• **DATA LISTING**
------

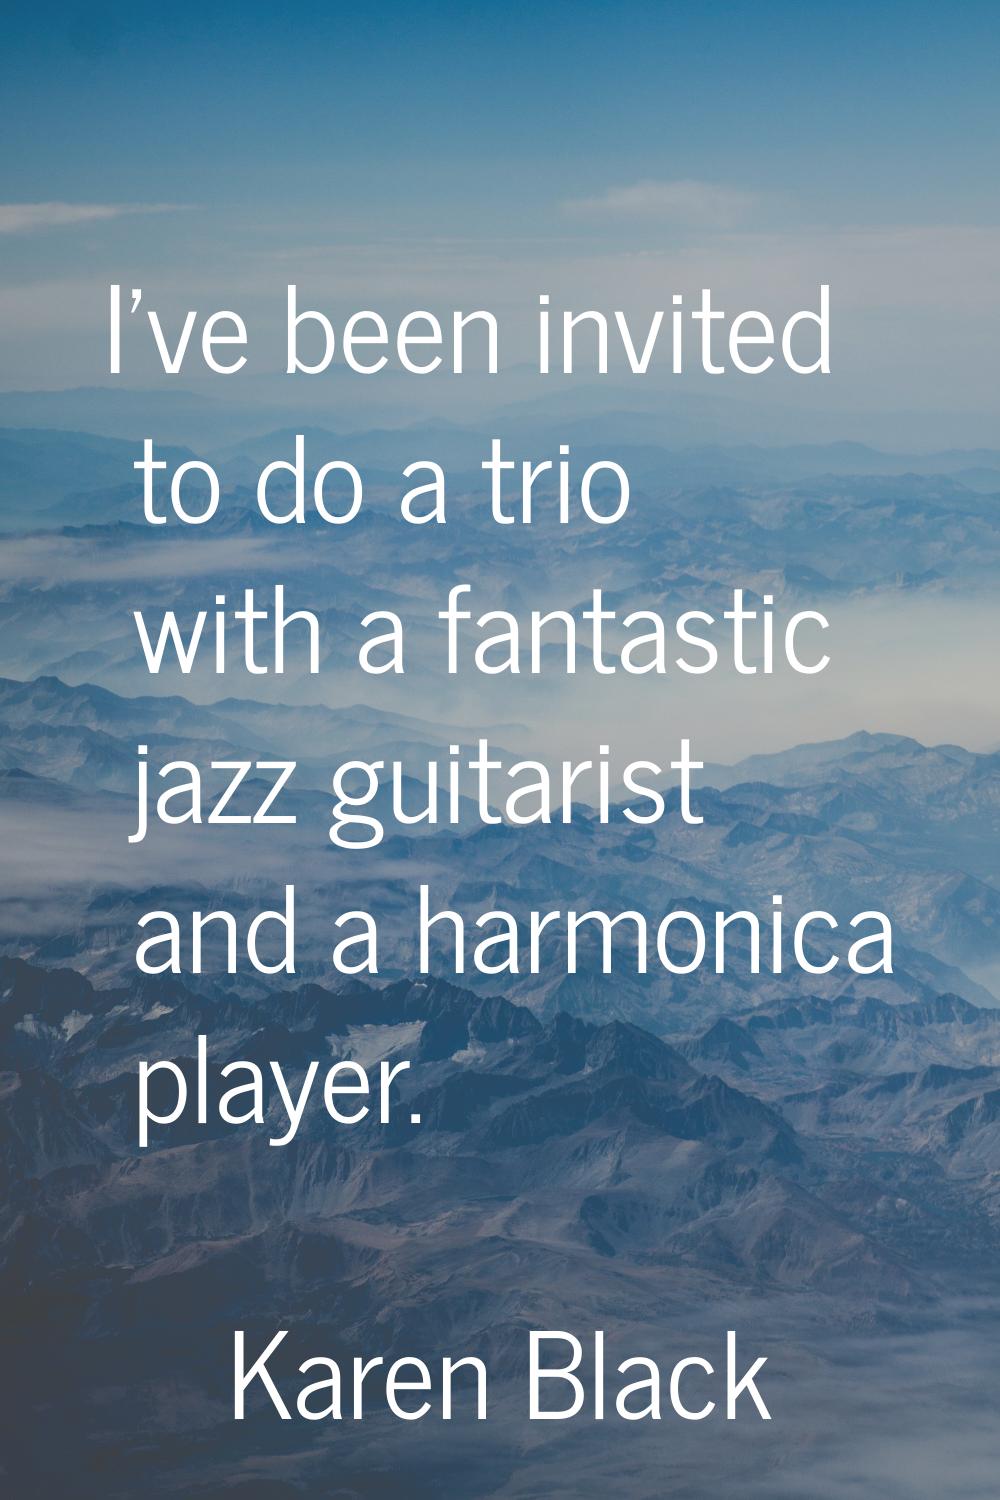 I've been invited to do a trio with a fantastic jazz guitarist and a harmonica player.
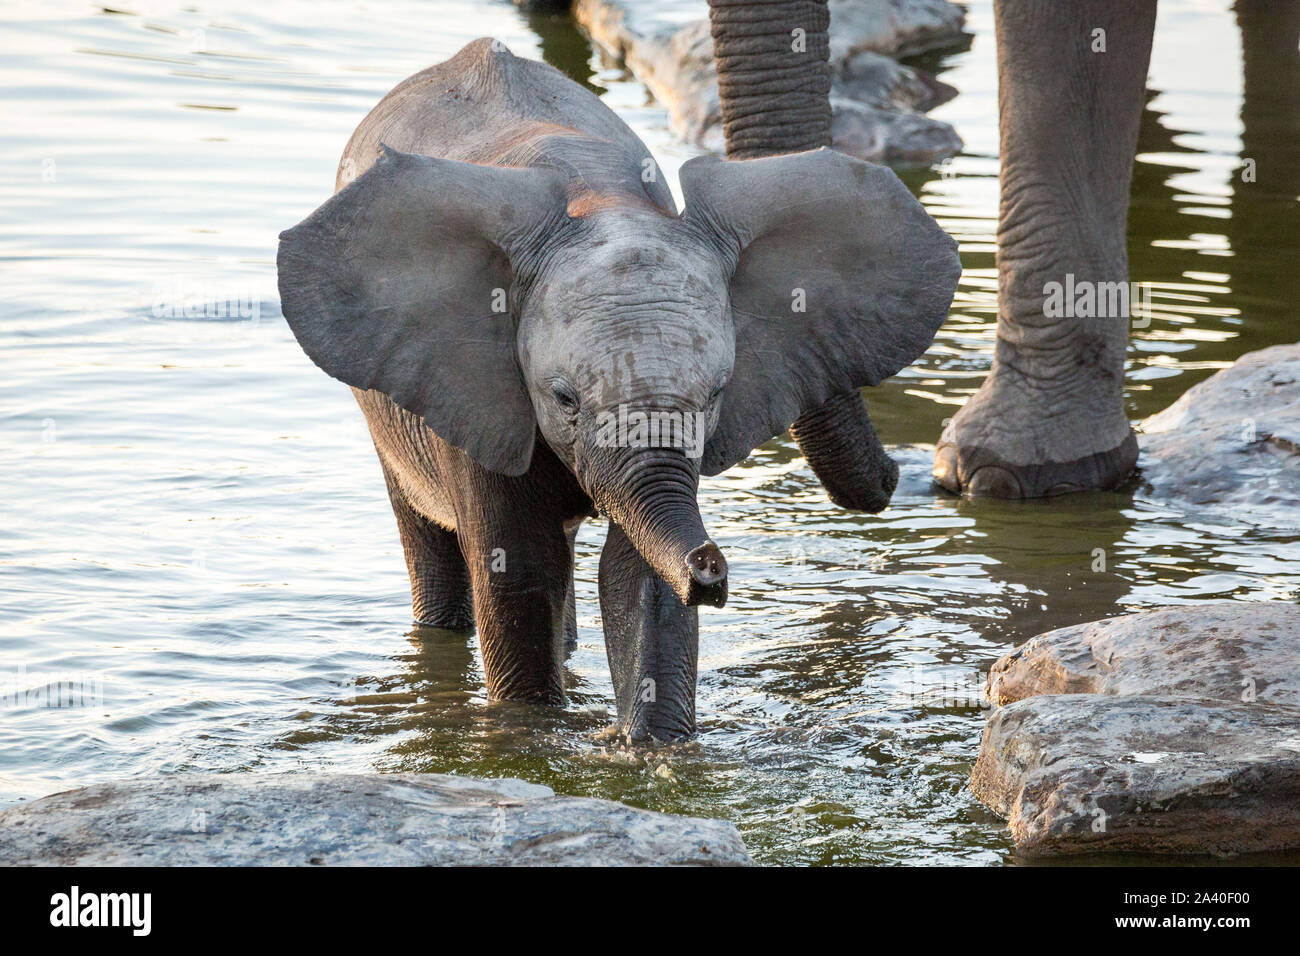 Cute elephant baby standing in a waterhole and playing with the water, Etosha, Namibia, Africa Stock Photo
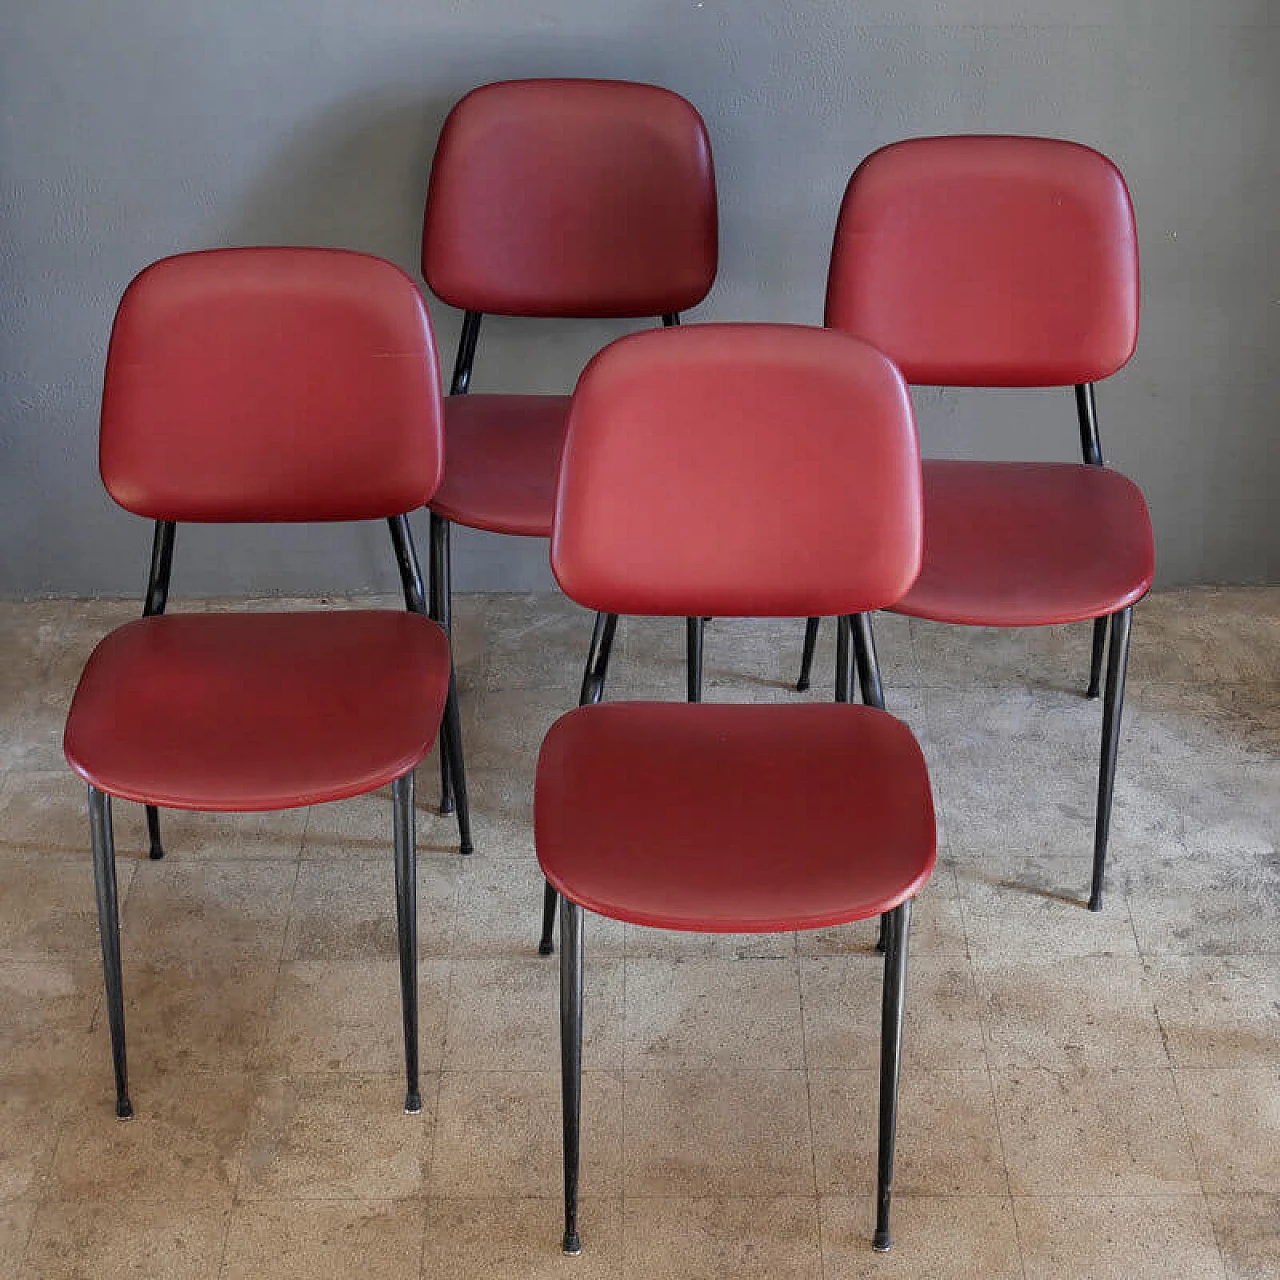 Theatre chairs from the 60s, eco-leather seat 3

------

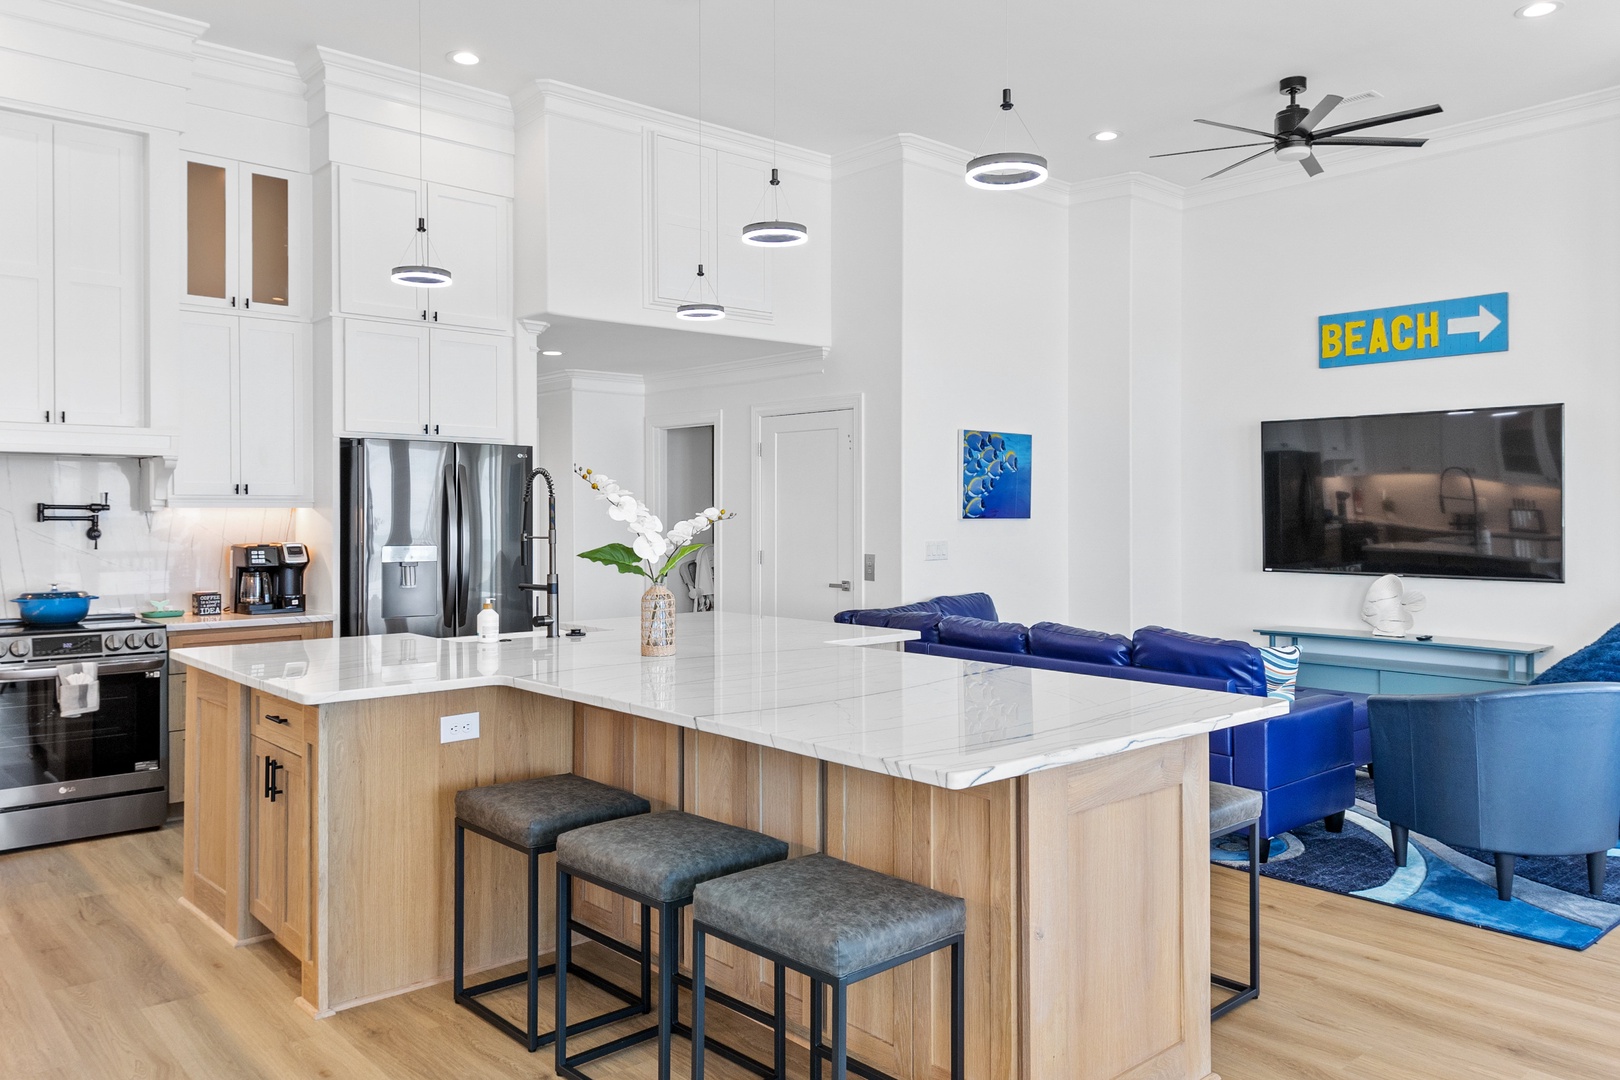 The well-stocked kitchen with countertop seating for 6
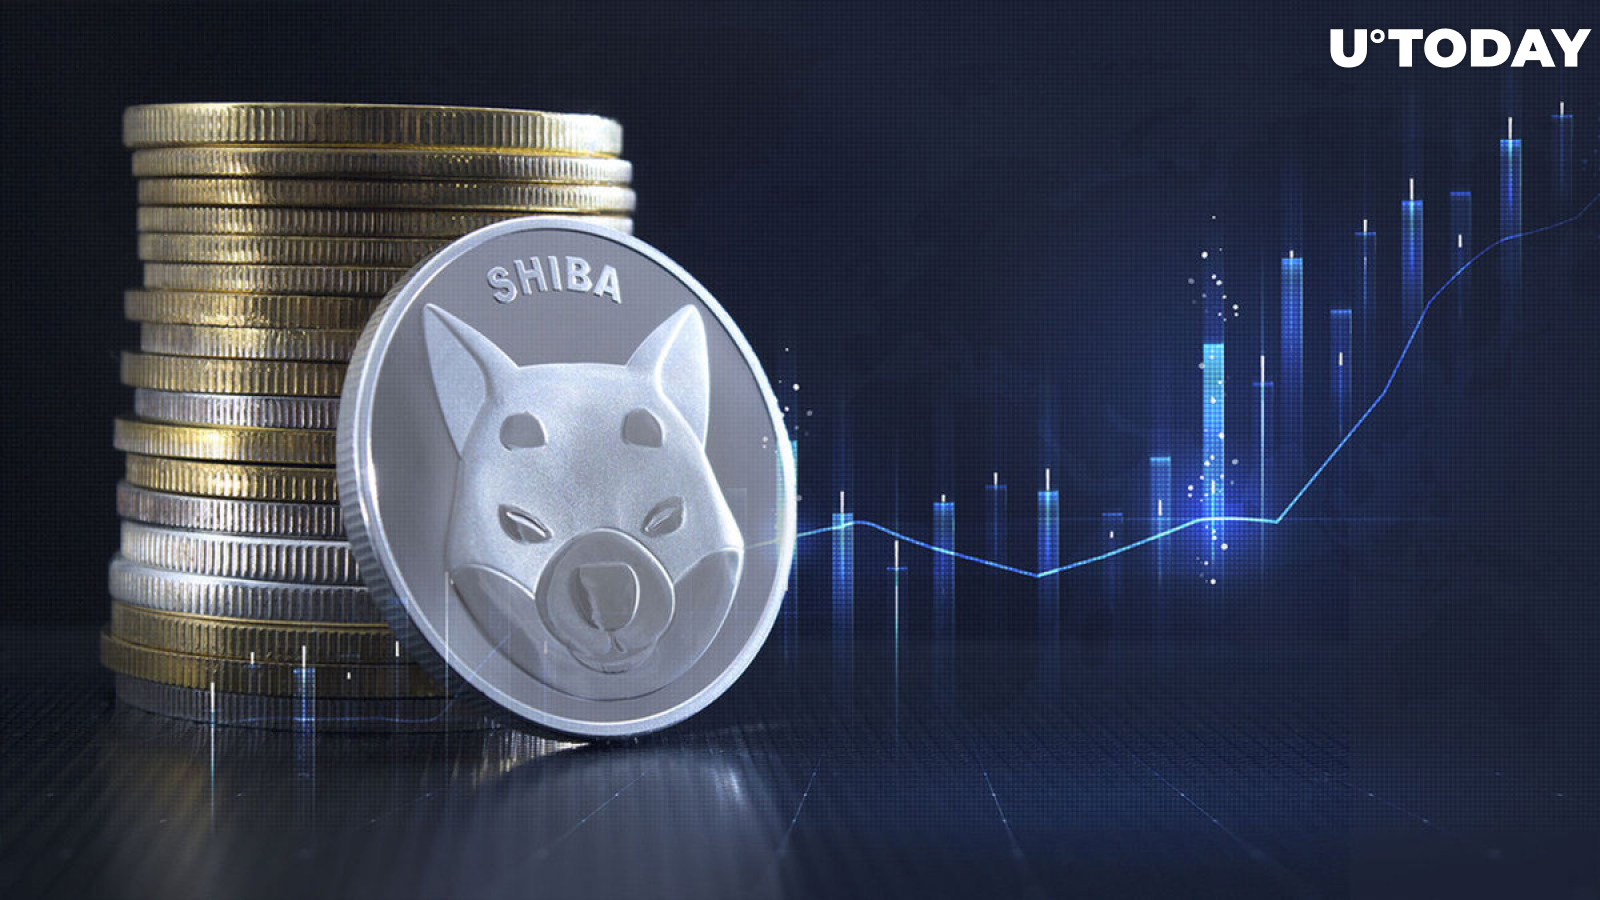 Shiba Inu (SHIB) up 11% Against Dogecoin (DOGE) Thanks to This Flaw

------

• **PROBLEM DETAILS**
Exact copy, pictures excluded: from the line with "I've been invited" up to and including the line with "Theatre chairs from" in the data above.

• **RESULT OF THE EXERCISE**
 I've been invited to do a trio with a fantastic jazz guitarist and a harmonica player.
 Cute elephant baby standing in a waterhole and playing with the water, Etosha, Namibia, Africa Stock Photo
 Theatre chairs from the 60s, eco-leather seat 3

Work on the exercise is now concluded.